Question

lim as x approaches 0 of..
(sin^5(2t))/(6t^5)

Answer 1

I haven't been taught that yet though :/ I suppose we're supposed to be do it algebraically I just haven't figured it out.

Answer 2

It won't work anyway. Anyway, you do know \(\displaystyle \lim_{x\rightarrow0} \dfrac{\sin x}{x}\), right?

Answer 3

I think you need to know L'Hopital Rule. You only need to use it once, though. I don't see how it can be solve algebraically without the use of L'Hopital Rule.

Answer 4

Can you use graph calculator to solve this?

Answer 5

Sorry, went to go eat haha. but I don't see why not? Instructions didn't prohibit it.

Answer 6

as for the limit of sinx/x, =1?

Answer 7

Using the calculator the limit seems to be 0? Doubt I'll get any work credit for just stating that though.

Answer 8

Yeah. hold on. We want to make it simply, right?
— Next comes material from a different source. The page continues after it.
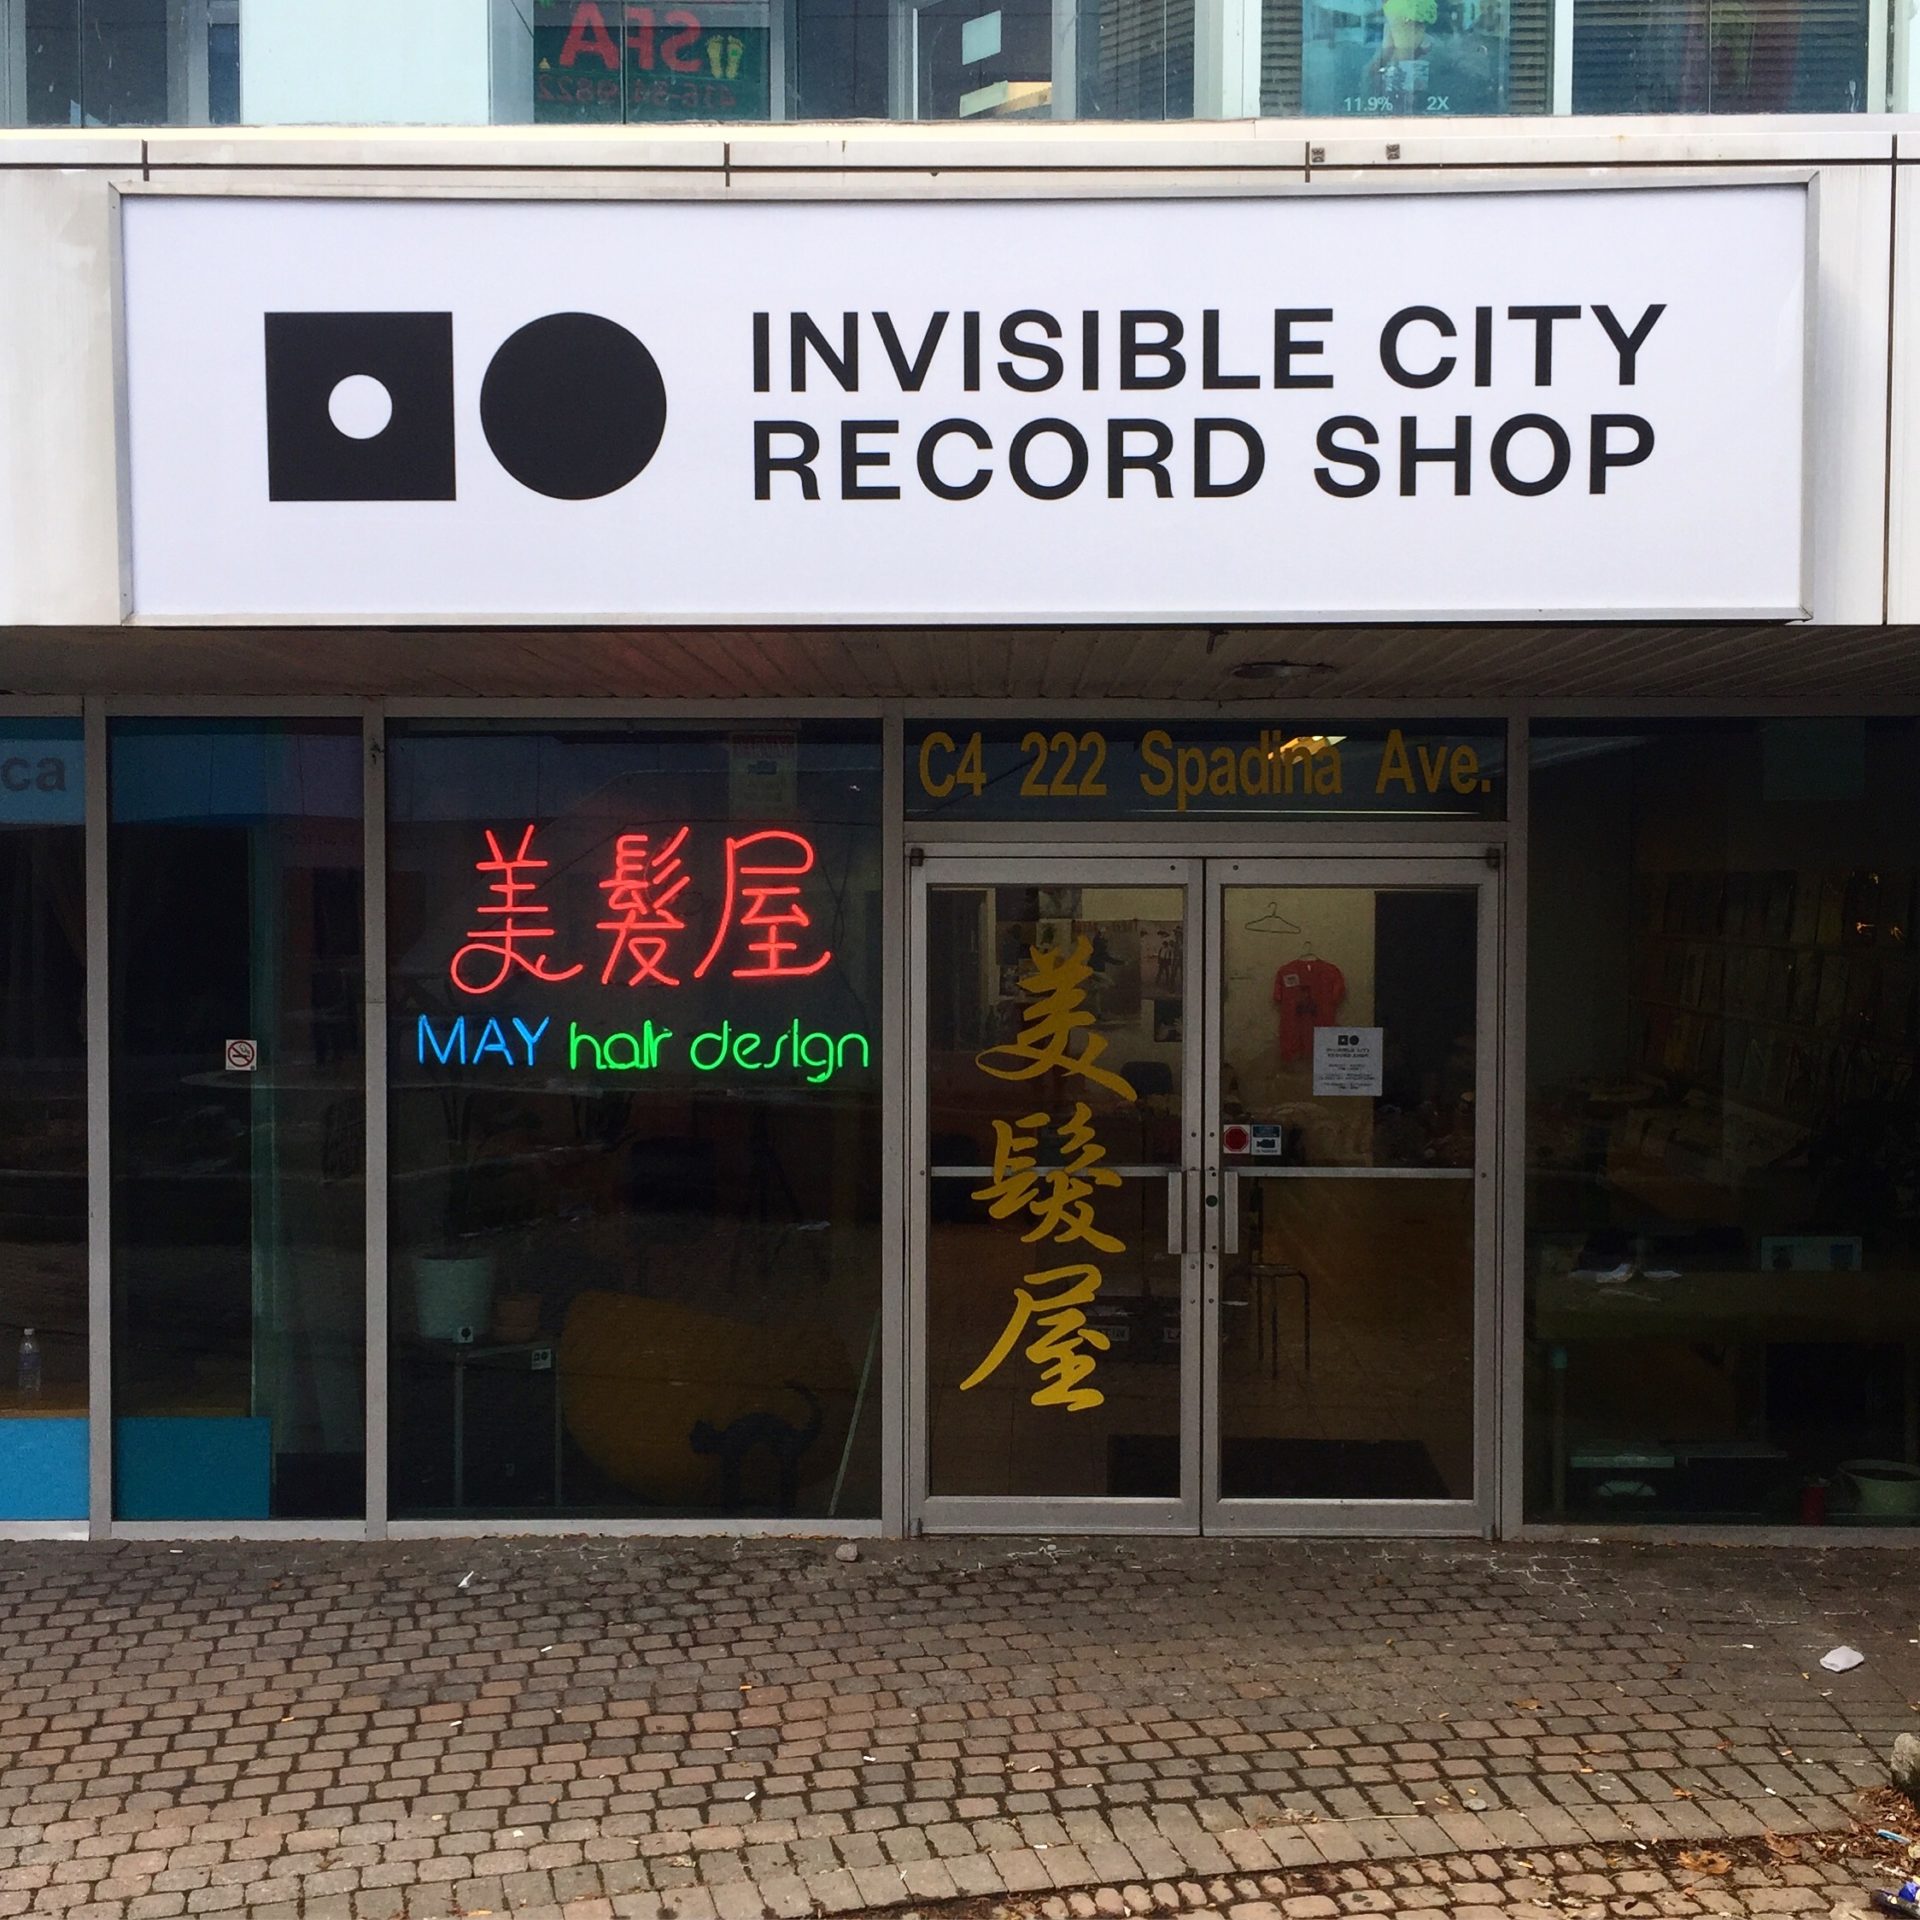 Invisible City Record Shop - 1 of 1

So notice that both numerator and denominator has same power, right?

So we can do this:
\[\lim_{x\rightarrow 0} \dfrac{\sin^5 (2x)}{6x} = \left(\lim_{x\rightarrow 0}\dfrac{sin(2x)}{\sqrt[5]{6} ~ x}\right)^5 = \left(\dfrac{1}{\sqrt[5]{6}}~\lim_{x\rightarrow 0}\dfrac{sin(2x)}{x}\right)^5\] Right?
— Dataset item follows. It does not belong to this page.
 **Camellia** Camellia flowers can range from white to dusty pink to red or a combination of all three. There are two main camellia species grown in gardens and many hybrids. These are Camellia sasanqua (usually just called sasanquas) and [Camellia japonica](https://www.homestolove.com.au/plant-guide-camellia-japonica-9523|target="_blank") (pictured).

Now graph \(\dfrac{sin(2x)}{x}\). What do it approaches to as x approaches to zero?

Answer 9

Oooo, 2!
Would this be the answer?

Answer 10

I do still have that constant outside, do I multiply the limit times the constant?

Answer 11

Yeah, we are not done yet. Now substitute this ugly and horrible limit to nice and handsome two.
\[\cdots = \left(\dfrac{1}{\sqrt[5]{6}}\cdot 2\right)^5 =~ ?\]

Answer 12

Yes.

Answer 13

Ah, gotcha. Thanks a bunch

Answer 14

You're welcome.